How to update a value in an array of structs in a dataframe in pyspark?-CodePudding

I have the following schema:

>>> df.printSchema()
root
... SNIP ...
 |-- foo: array (nullable = true)
 |    |-- element: struct (containsNull = true)
... SNIP ...
 |    |    |-- value: double (nullable = true)

In this case, I only have one row in the dataframe and in the foo array:

>>> df.count()
1
>>> df.select(explode('foo').alias("fooColumn")).count()
1

value is null:

>>> df.select(explode('foo').alias("fooColumn")).select('fooColumn.value').show()
 ----- 
|value|
 ----- 
| null|
 -----

I want to edit value and make a new dataframe.

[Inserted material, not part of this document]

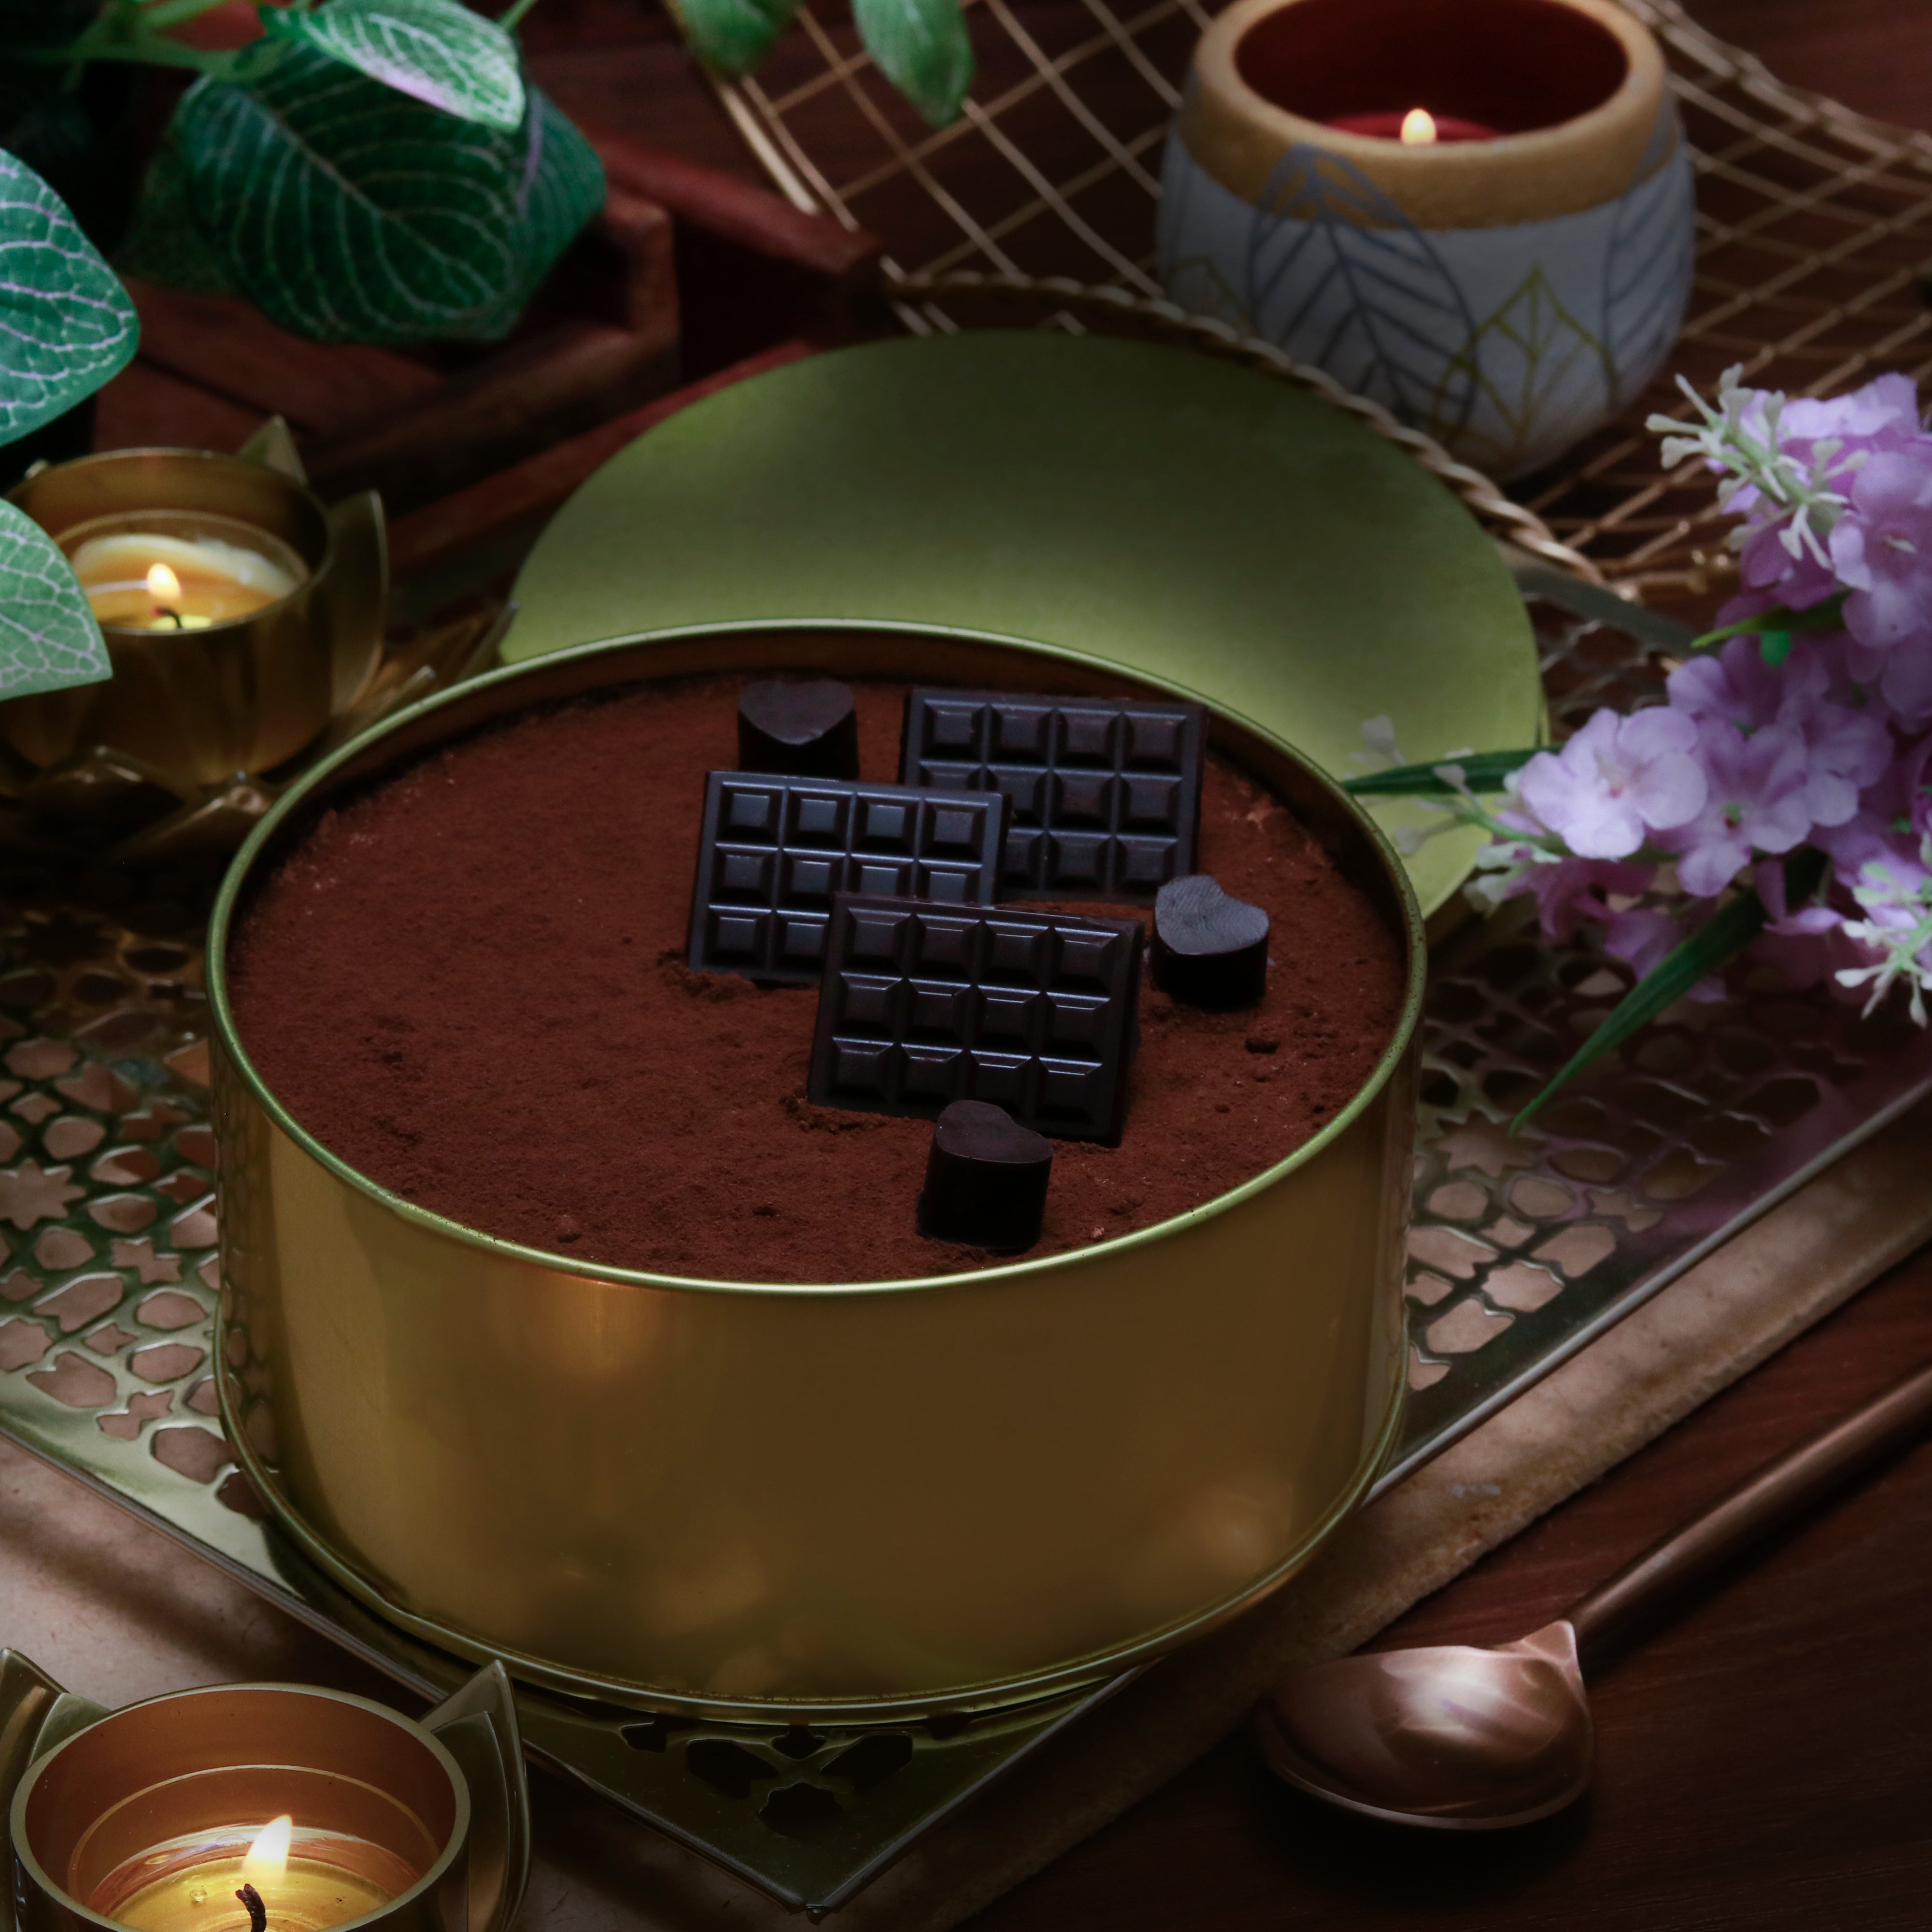 Chocolate Dream Cake | Things we make
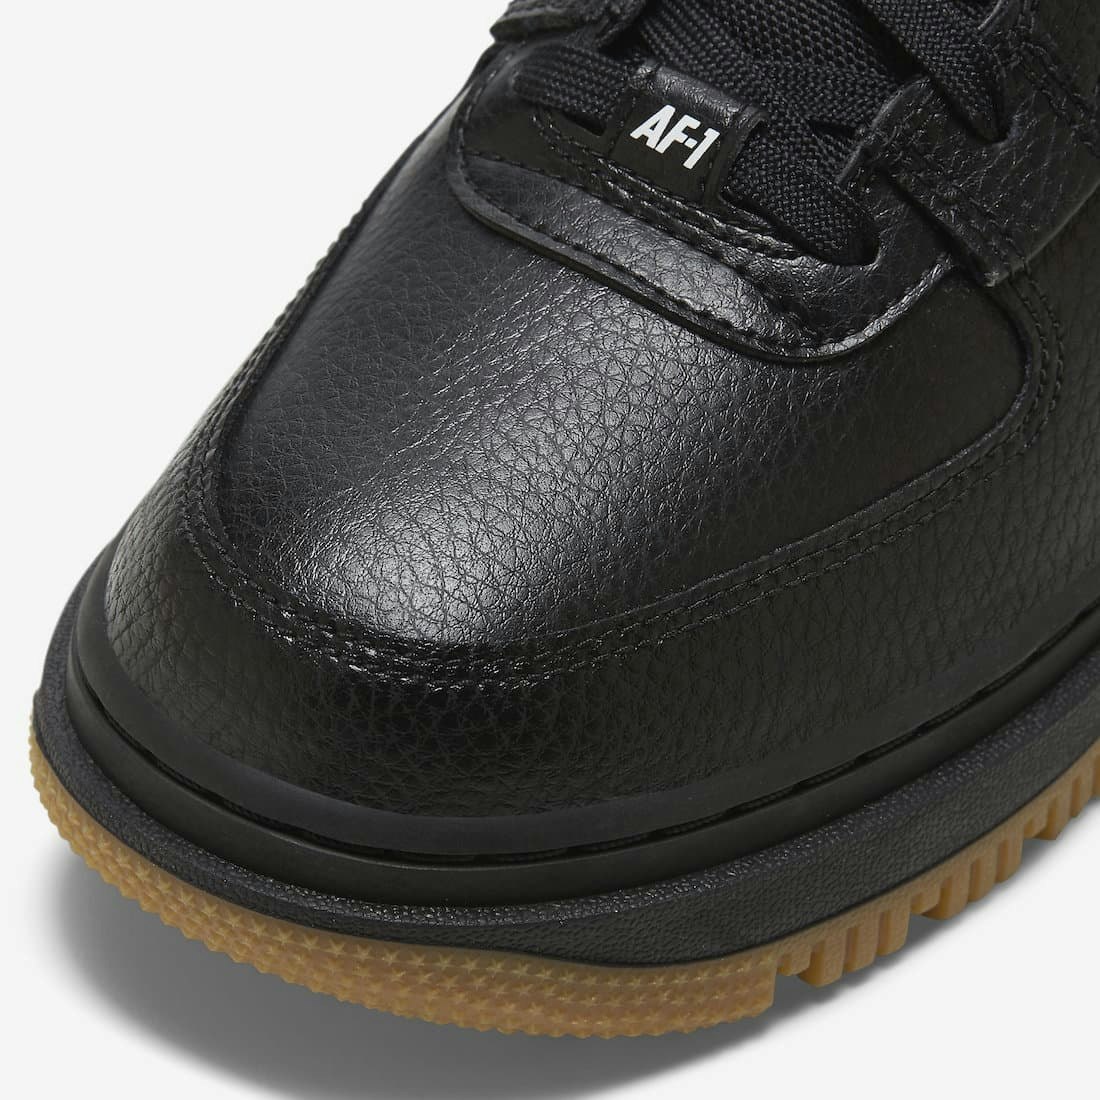 Nike Air Force 1 High Utility "Black Gum"

I can explode foo and set value:

>>> fooUpdated = df.select(explode("foo").alias("fooColumn")).select("fooColumn.*").withColumn('value', lit(10)).select('value').show()
 ----- 
|value|
 ----- 
|   10|
 -----

How do I collapse this dataframe to put fooUpdated back in as an array with a struct element or is there a way to do this without exploding foo?

In the end, I want to have the following:

>>> dfUpdated.select(explode('foo').alias("fooColumn")).select('fooColumn.value').show()
 ----- 
|value|
 ----- 
|   10|
 -----

CodePudding user response：

You can use transform function to update each struct in the foo array.

Here's an example:

import pyspark.sql.functions as F

df.printSchema()

#root
# |-- foo: array (nullable = true)
# |    |-- element: struct (containsNull = true)
# |    |    |-- value: string (nullable = true)

df1 = df.withColumn("foo", F.expr("transform(foo, x -> struct(10 as value))"))

Now, you can show the value in df1 to verify it was updated:

df1.select(F.expr("inline(foo)")).show()
# ----- 
#|value|
# ----- 
#|   10|
# -----